• **WORK TO COMPLETE**:
The expected answer is the full listing, repeated exactly and free of images.

• **THE DATA**:

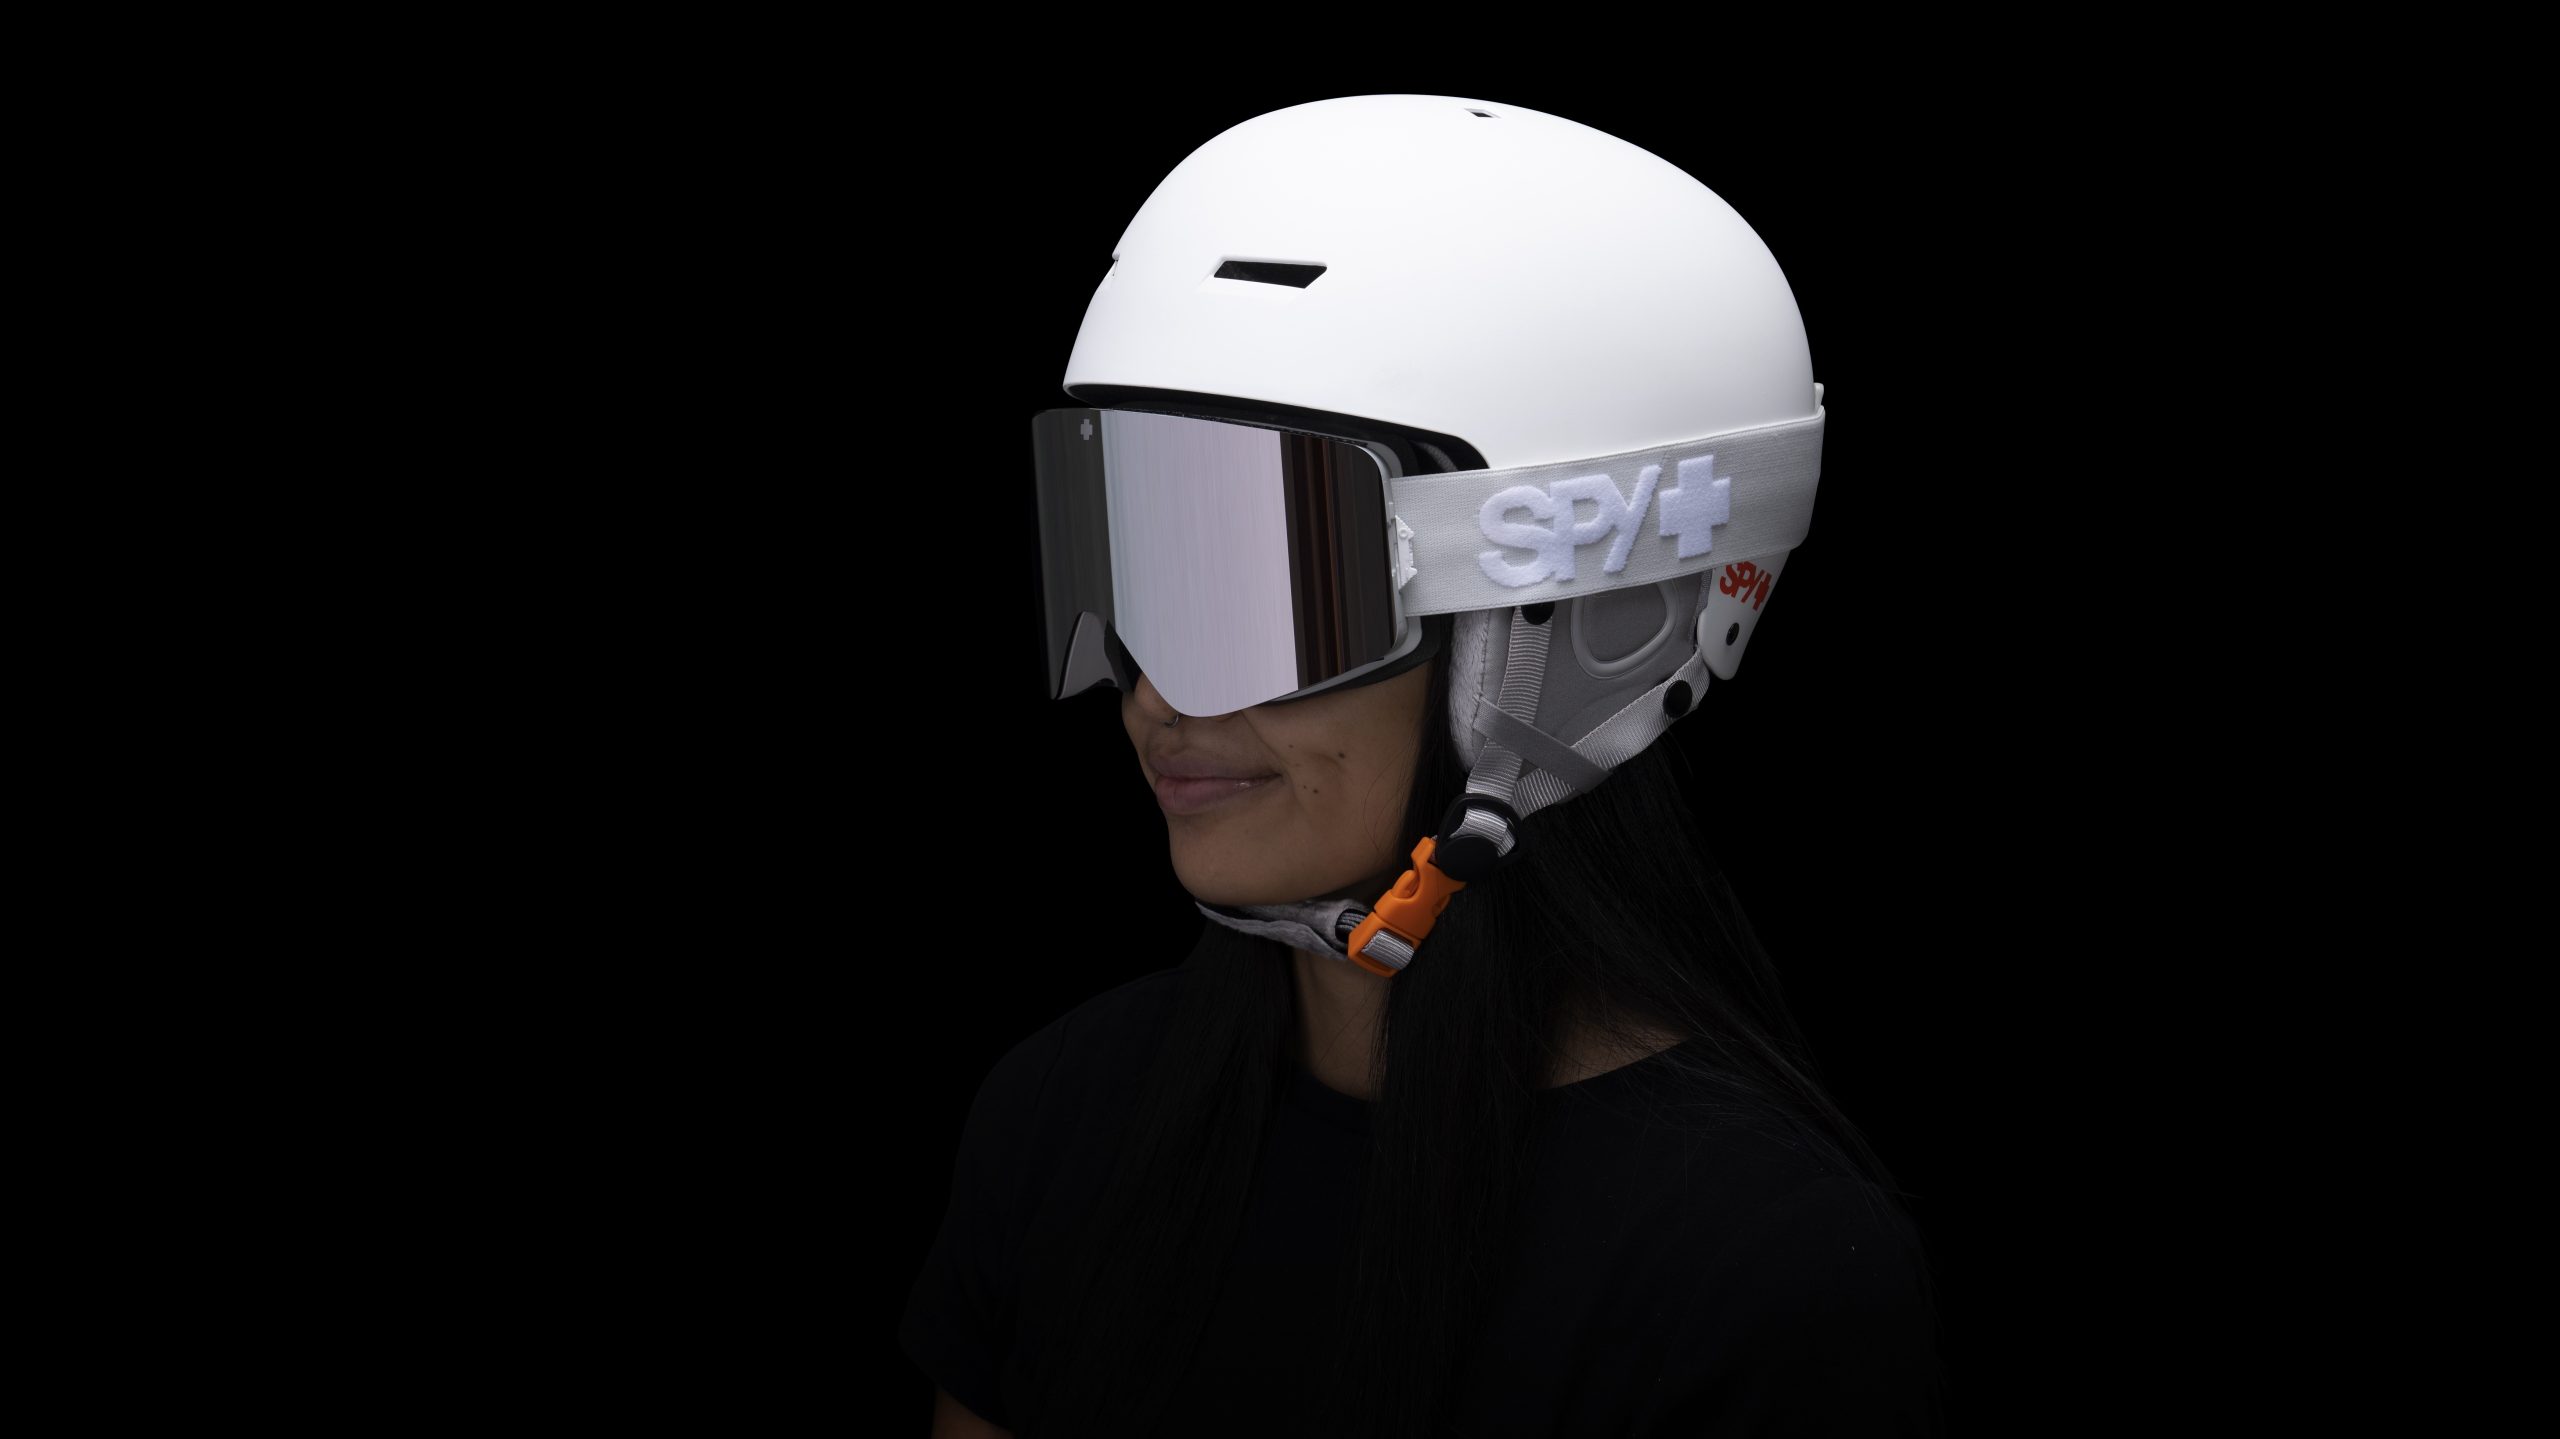 Spy+ FW22/23 Snow Helmets Preview
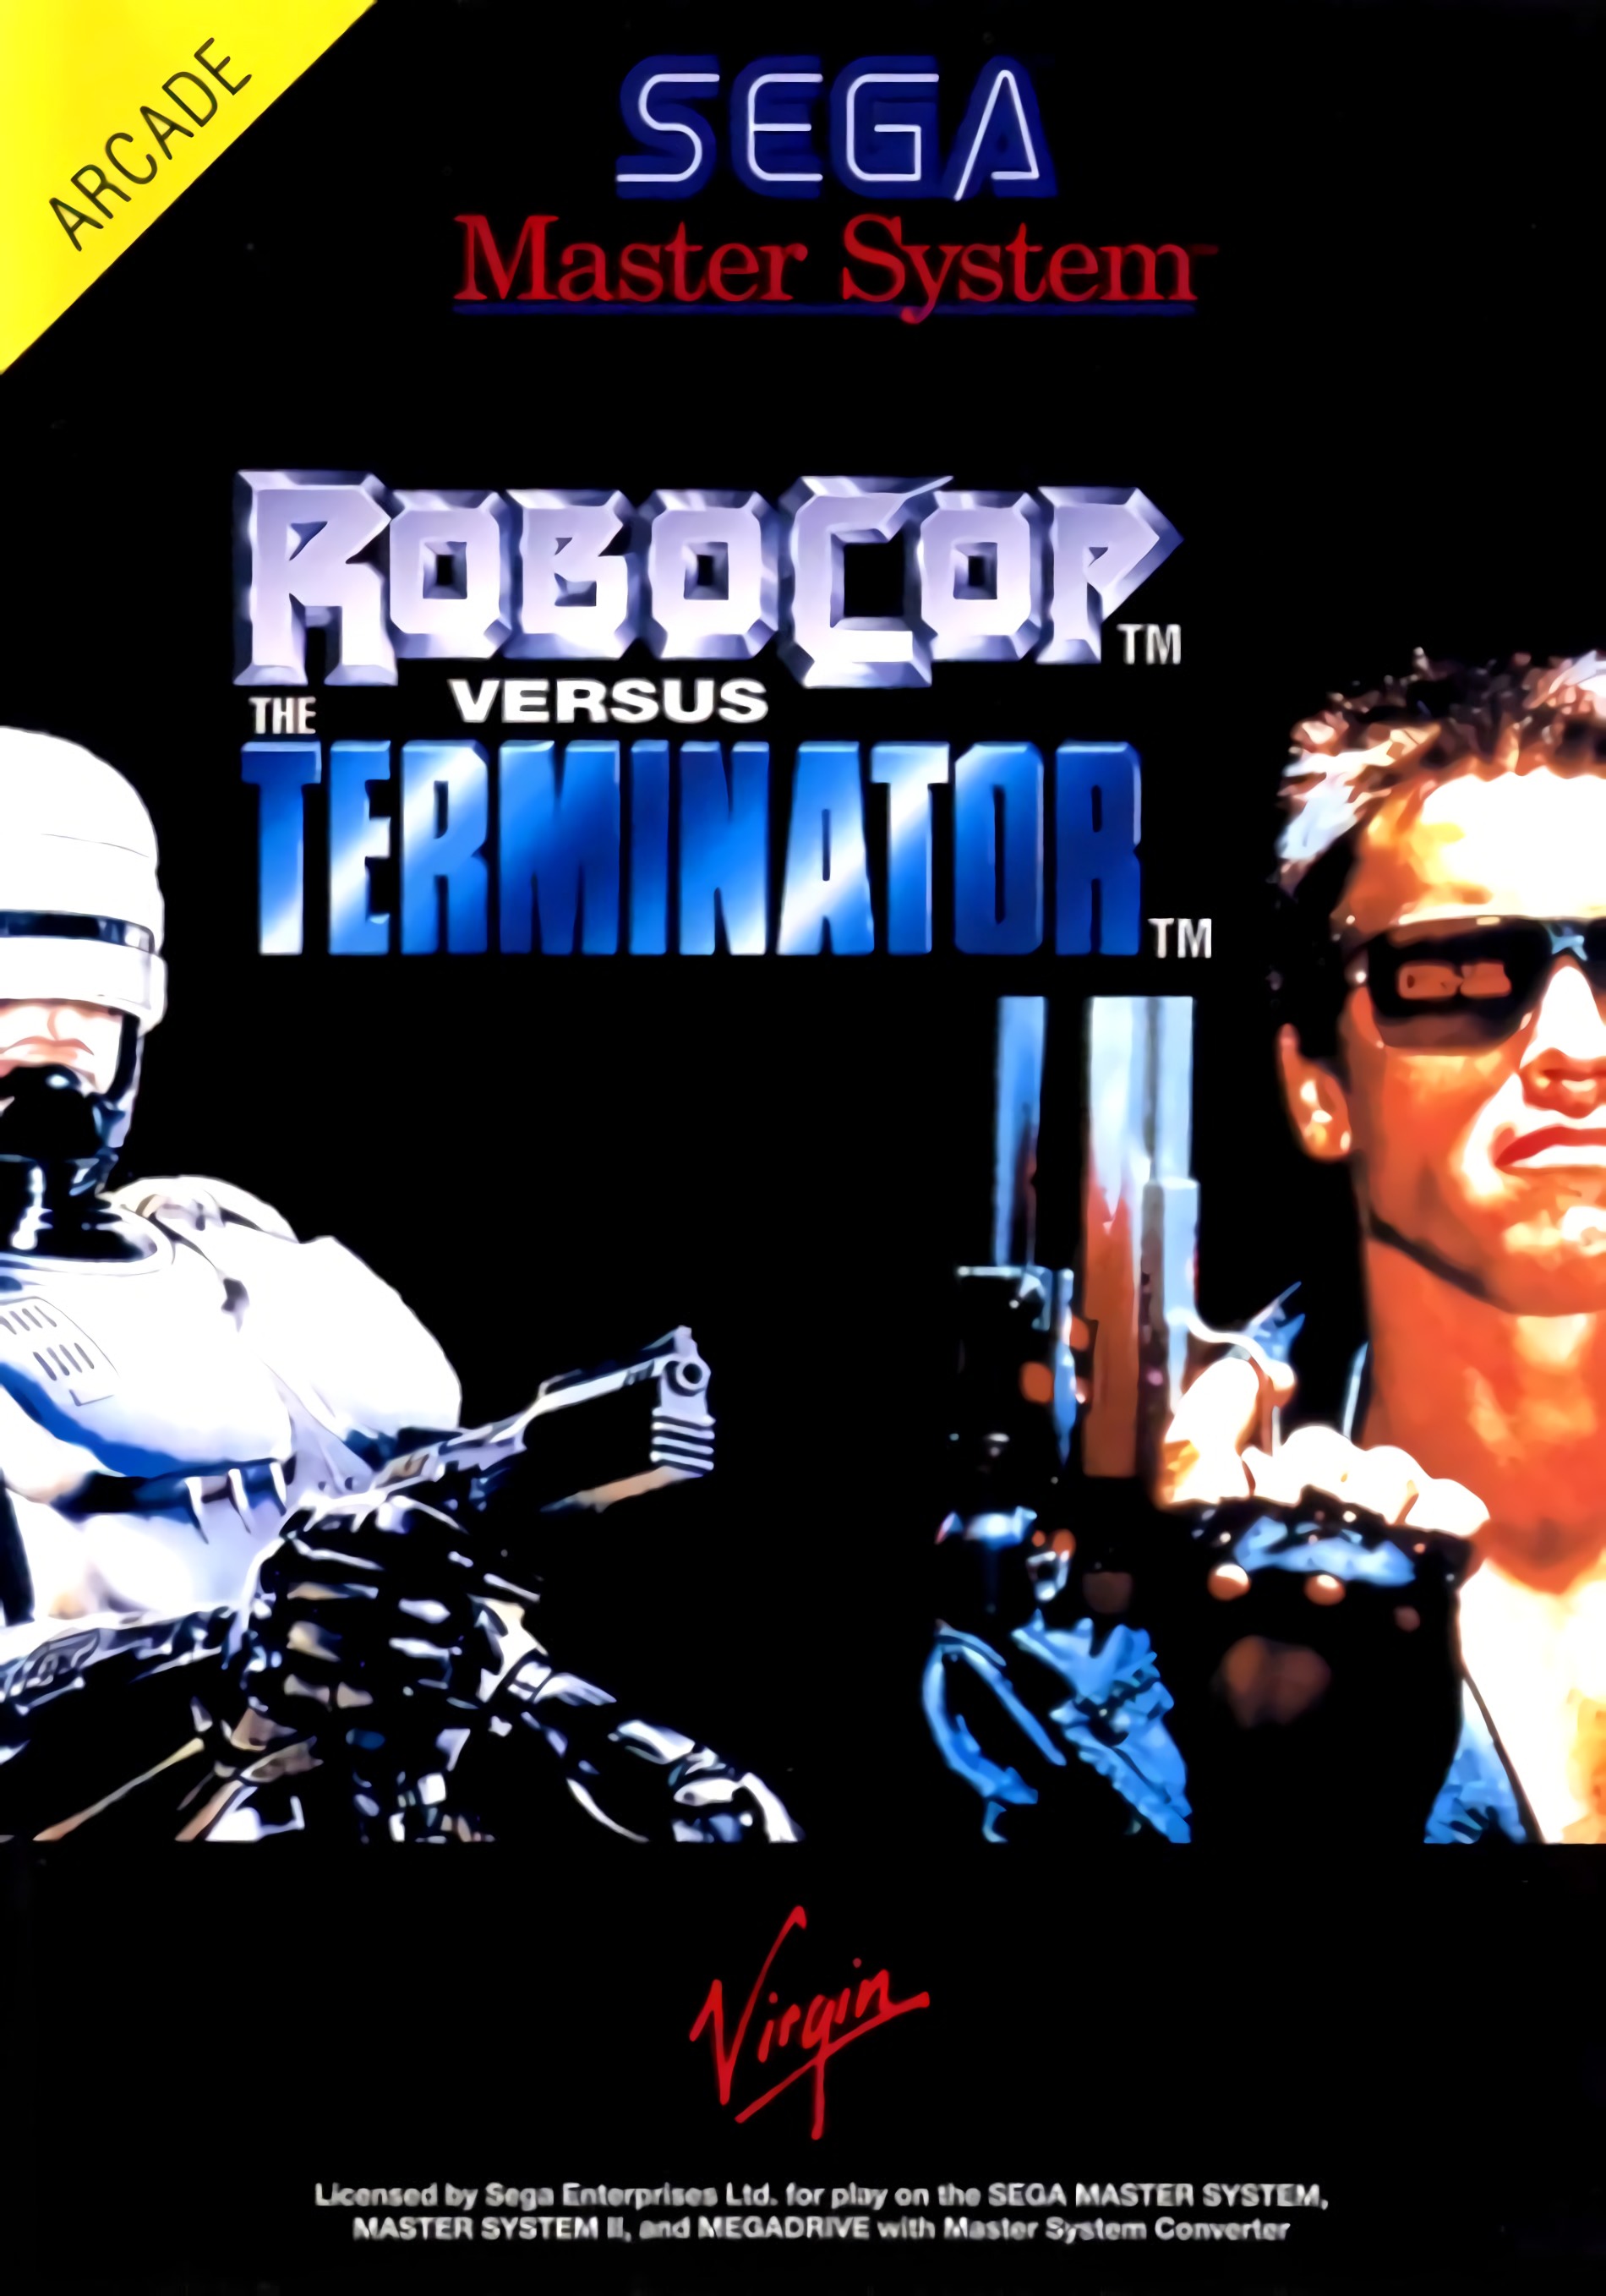 Игры сега робокоп. Терминатор 1 Sega. Игра Sega: Robocop versus Terminator. Робокоп против Терминатора сега. Robocop vs Terminator сега обложка.
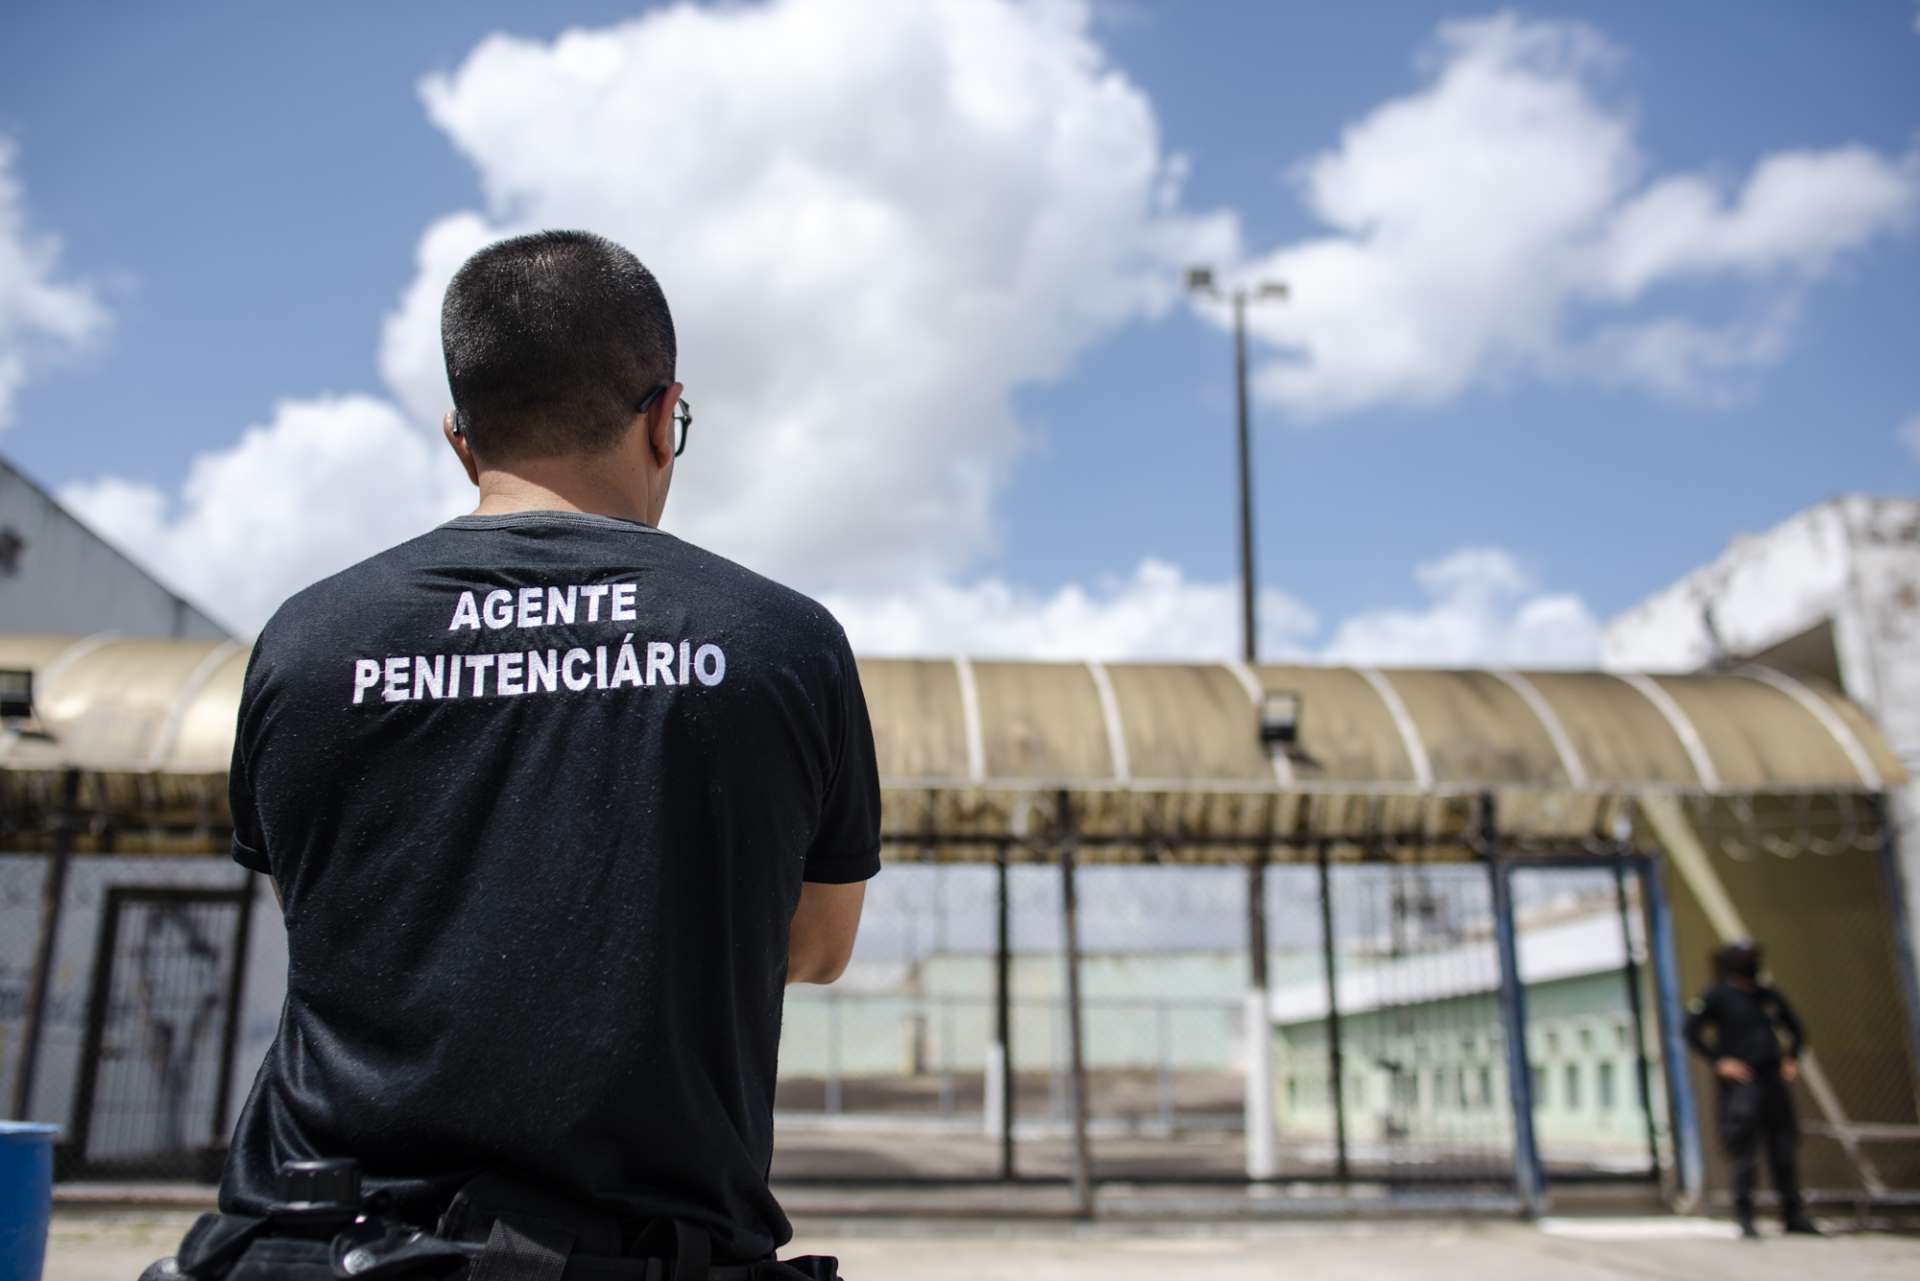 Os agentes penitenciários do Ceará foram transformados em polícia penal ainda em 2019, após a aprovação da Proposta de Emenda Constitucional (PEC) 04/20, que defendida mudança (Foto: ©DAVI PINHEIRO / GOV CEARA)

• **ANSWER BOX**:
 Spy+ FW22/23 Snow Helmets Preview
 Игры сега робокоп. Терминатор 1 Sega. Игра Sega: Robocop versus Terminator. Робокоп против Терминатора сега. Robocop vs Terminator сега обложка.
 Os agentes penitenciários do Ceará foram transformados em polícia penal ainda em 2019, após a aprovação da Proposta de Emenda Constitucional (PEC) 04/20, que defendida mudança (Foto: ©DAVI PINHEIRO / GOV CEARA)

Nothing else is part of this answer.